Directions for this task =>
What you return should be the lines from the one with "22.jan.2013 - Técnico" through the one with "Мережа хімчисток JetClean" in the data below, reproduced exactly with both ends, and no pictures at all.

Data for processing =>
[Start of section]

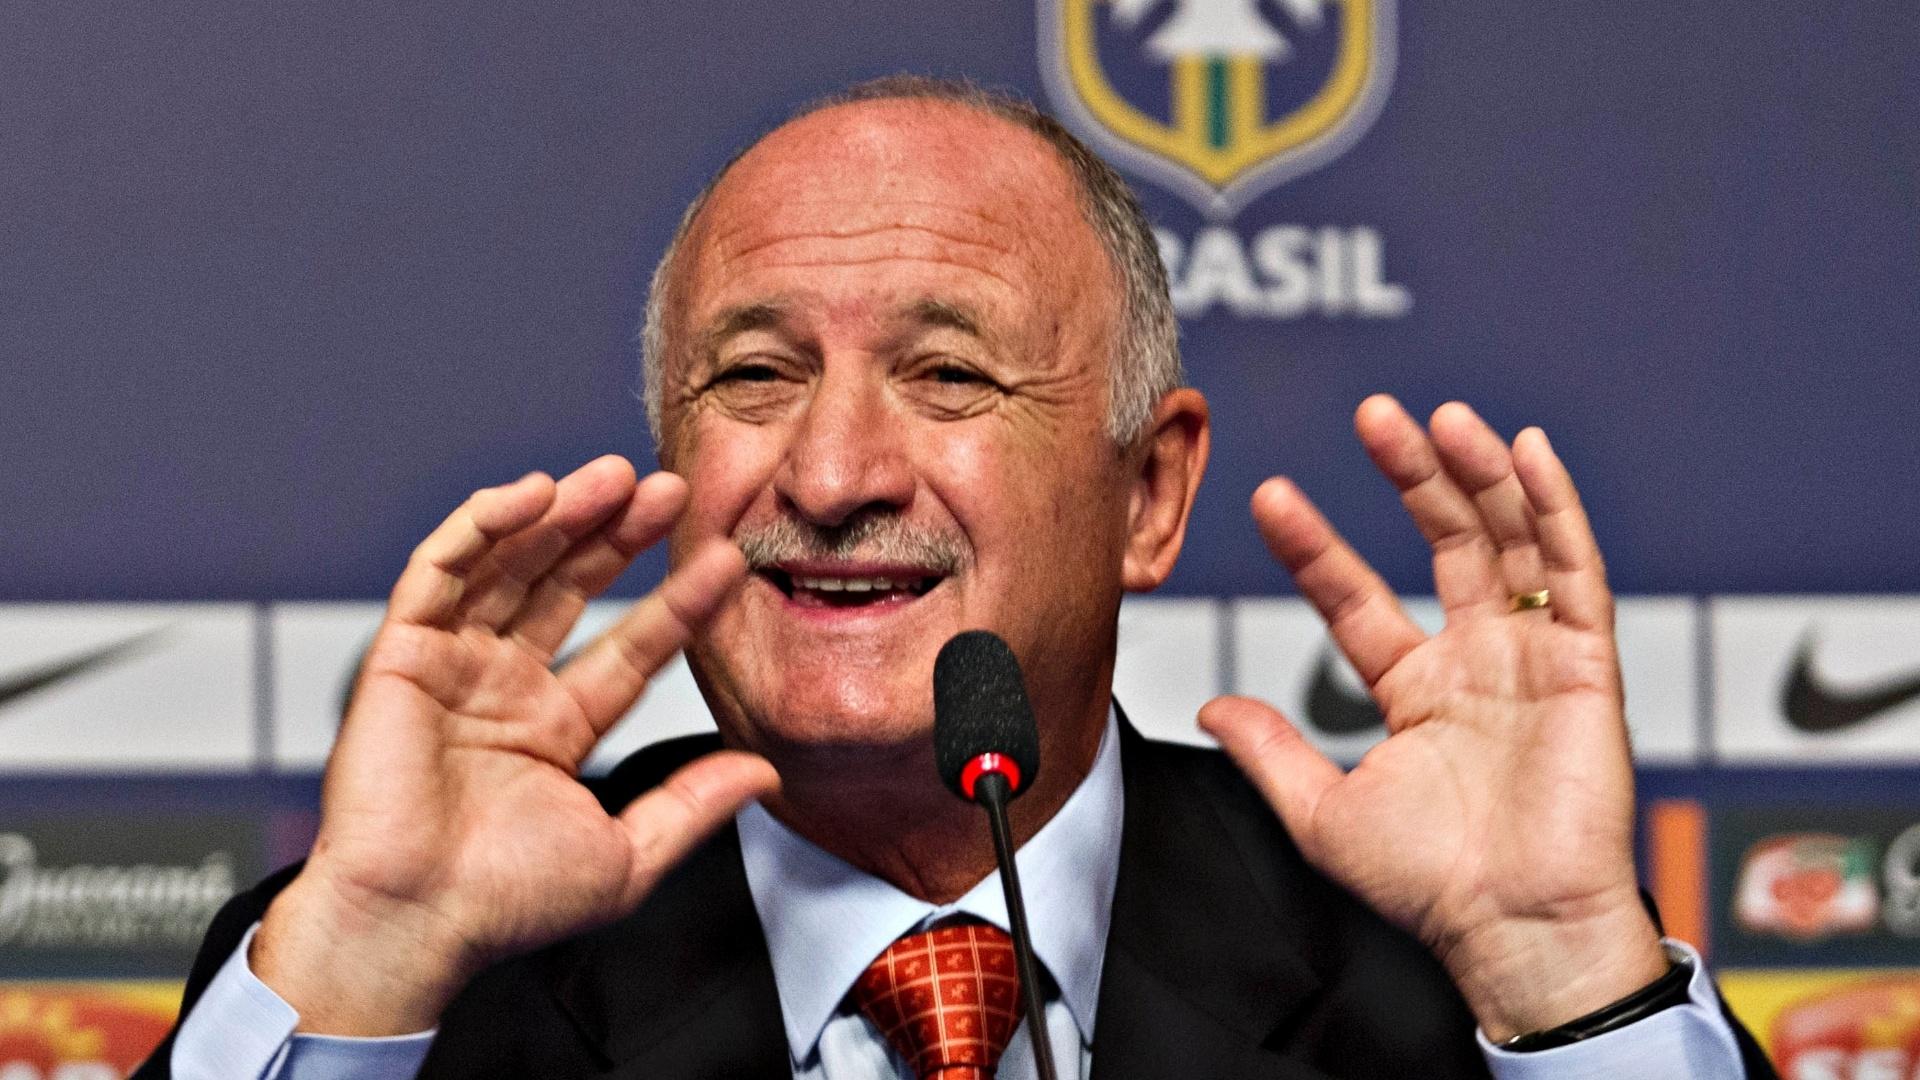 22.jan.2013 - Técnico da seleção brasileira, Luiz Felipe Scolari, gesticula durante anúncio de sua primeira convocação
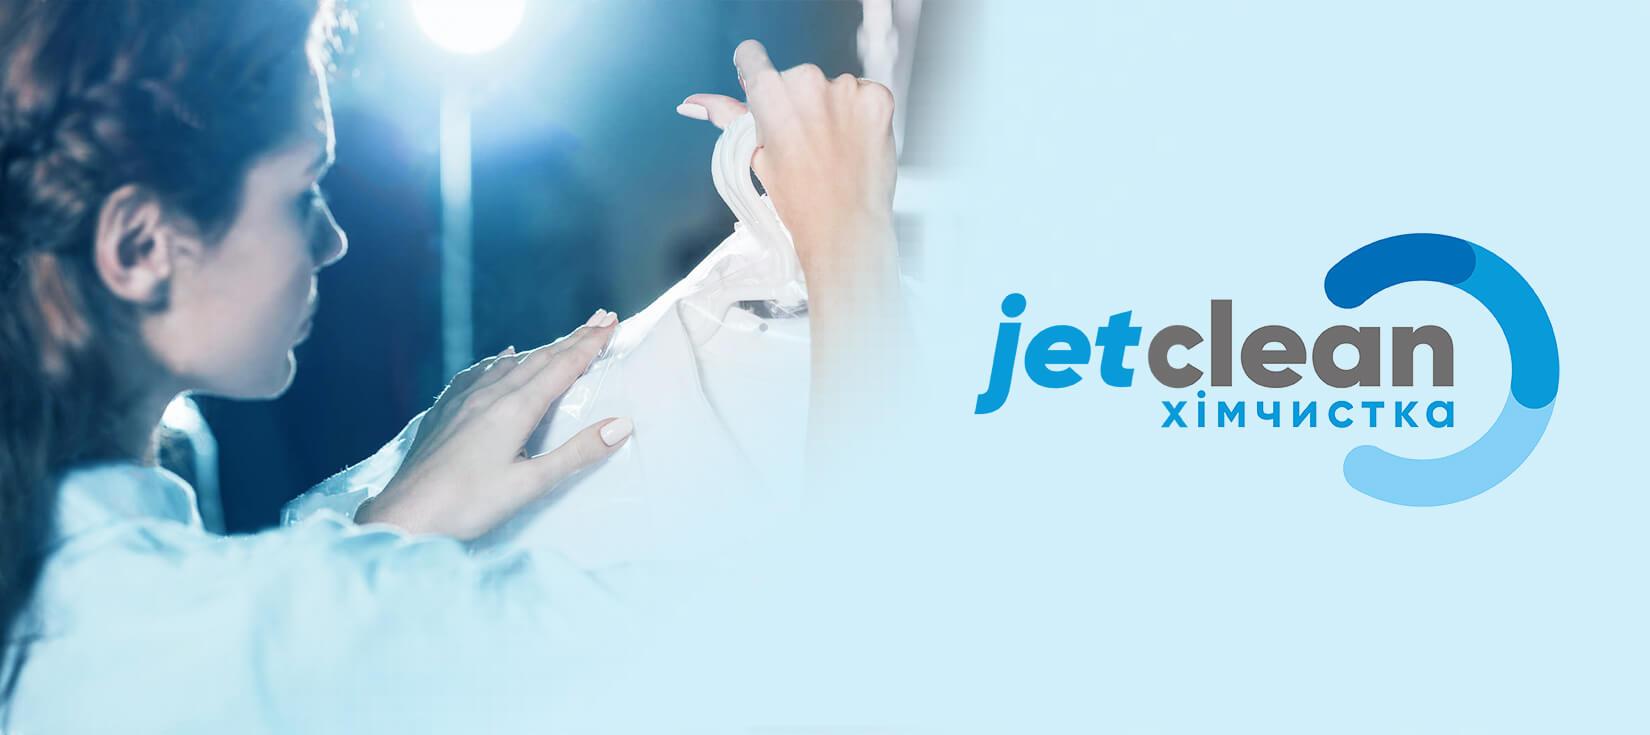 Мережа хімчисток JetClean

[End of section]
[Start of section]

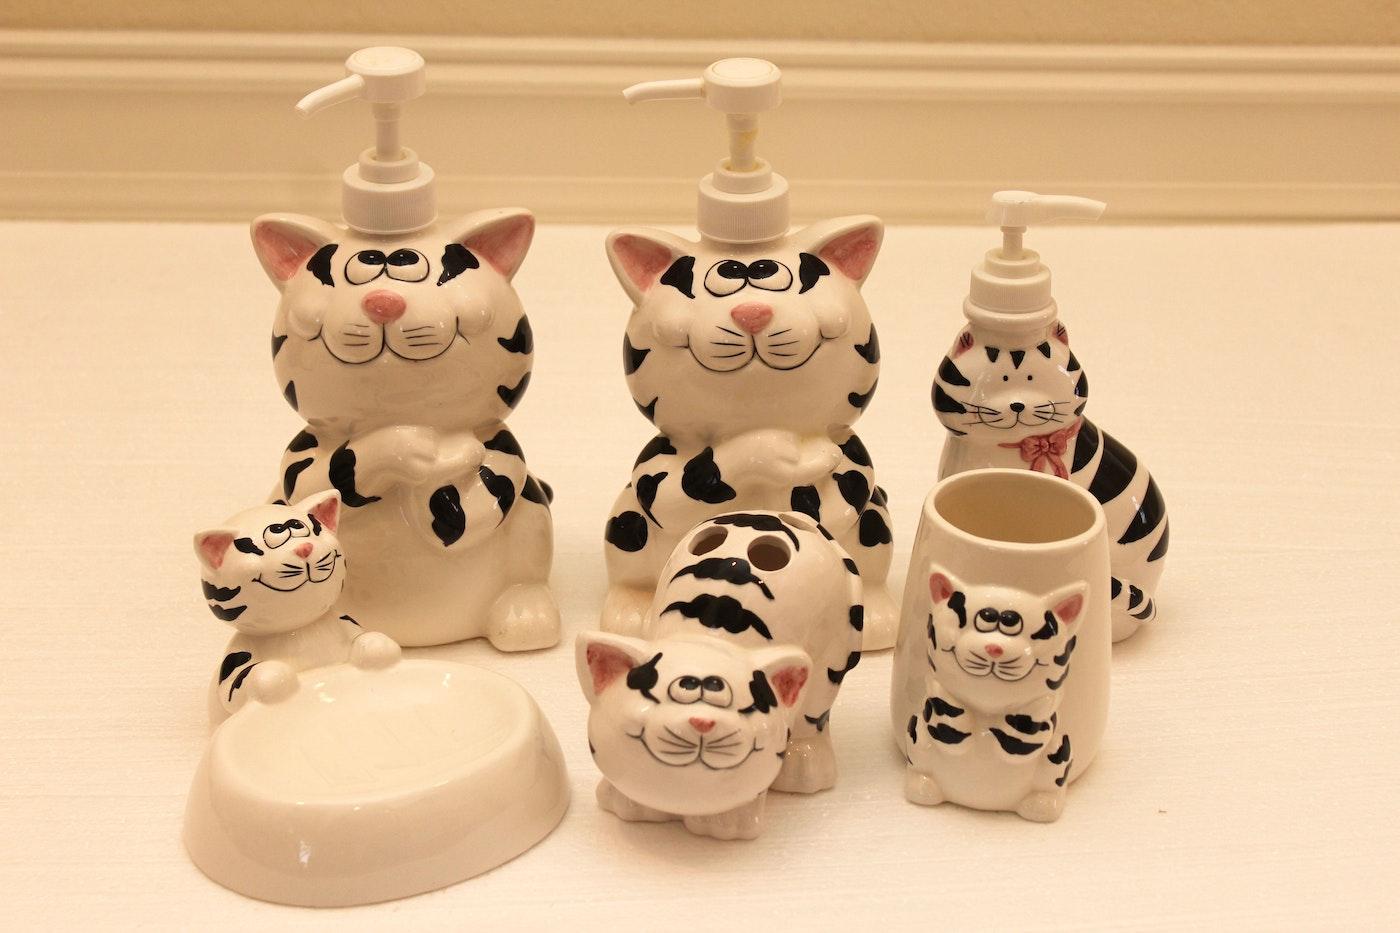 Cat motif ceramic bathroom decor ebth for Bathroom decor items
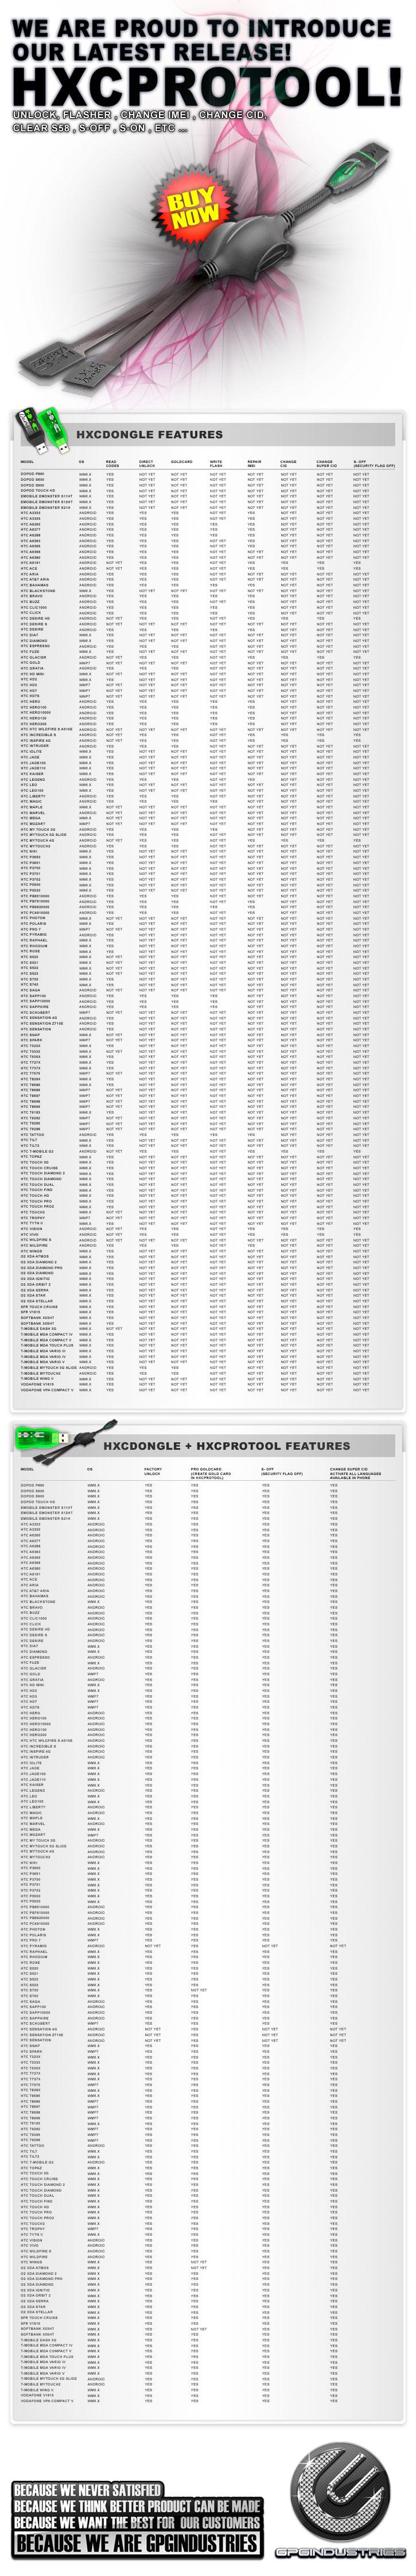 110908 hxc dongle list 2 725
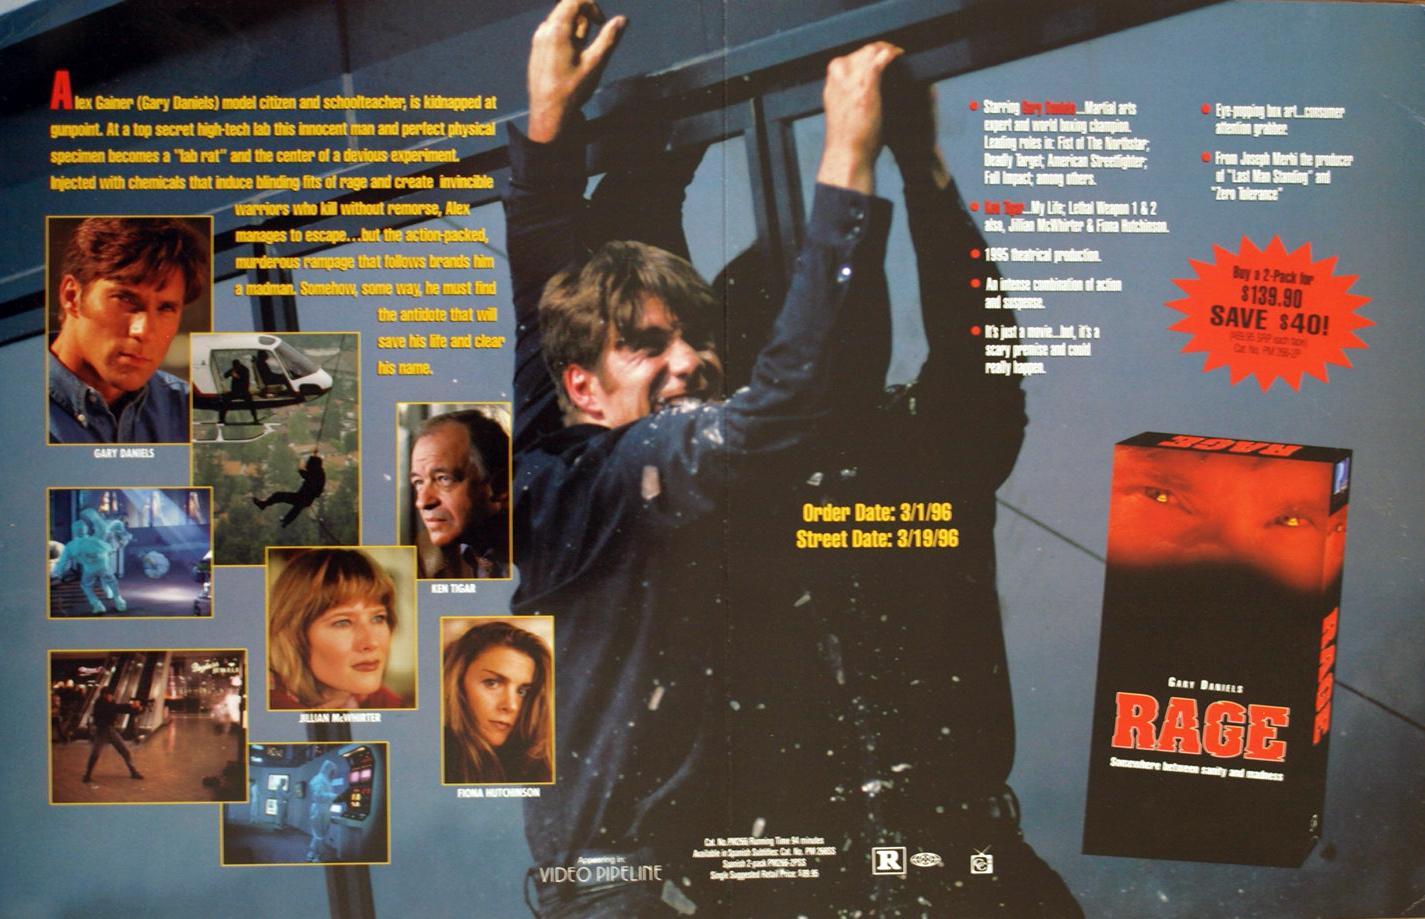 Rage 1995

[End of section]
[Start of section]

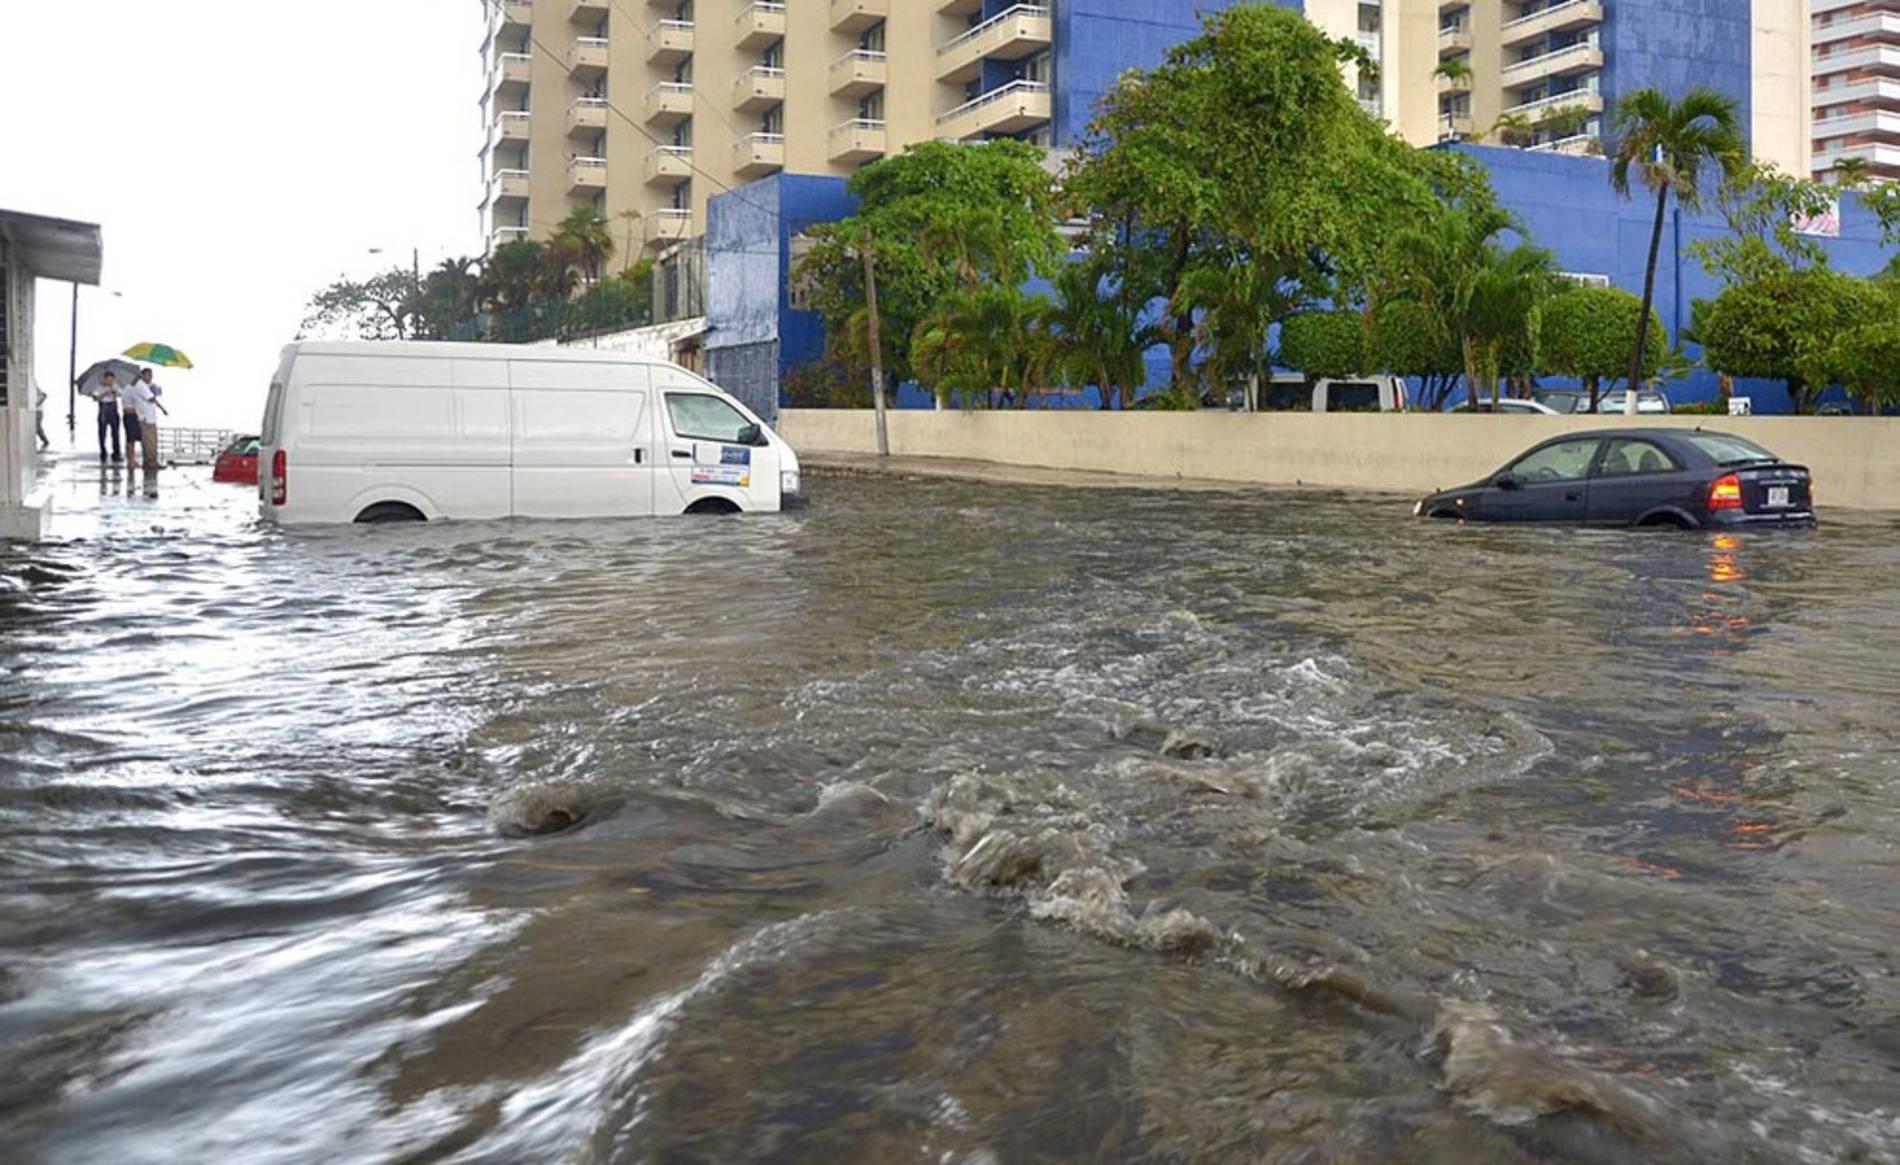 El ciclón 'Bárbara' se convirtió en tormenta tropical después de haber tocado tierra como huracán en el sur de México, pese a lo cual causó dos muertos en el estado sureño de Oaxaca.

[End of section]

Your solution =>
 22.jan.2013 - Técnico da seleção brasileira, Luiz Felipe Scolari, gesticula durante anúncio de sua primeira convocação
 Мережа хімчисток JetClean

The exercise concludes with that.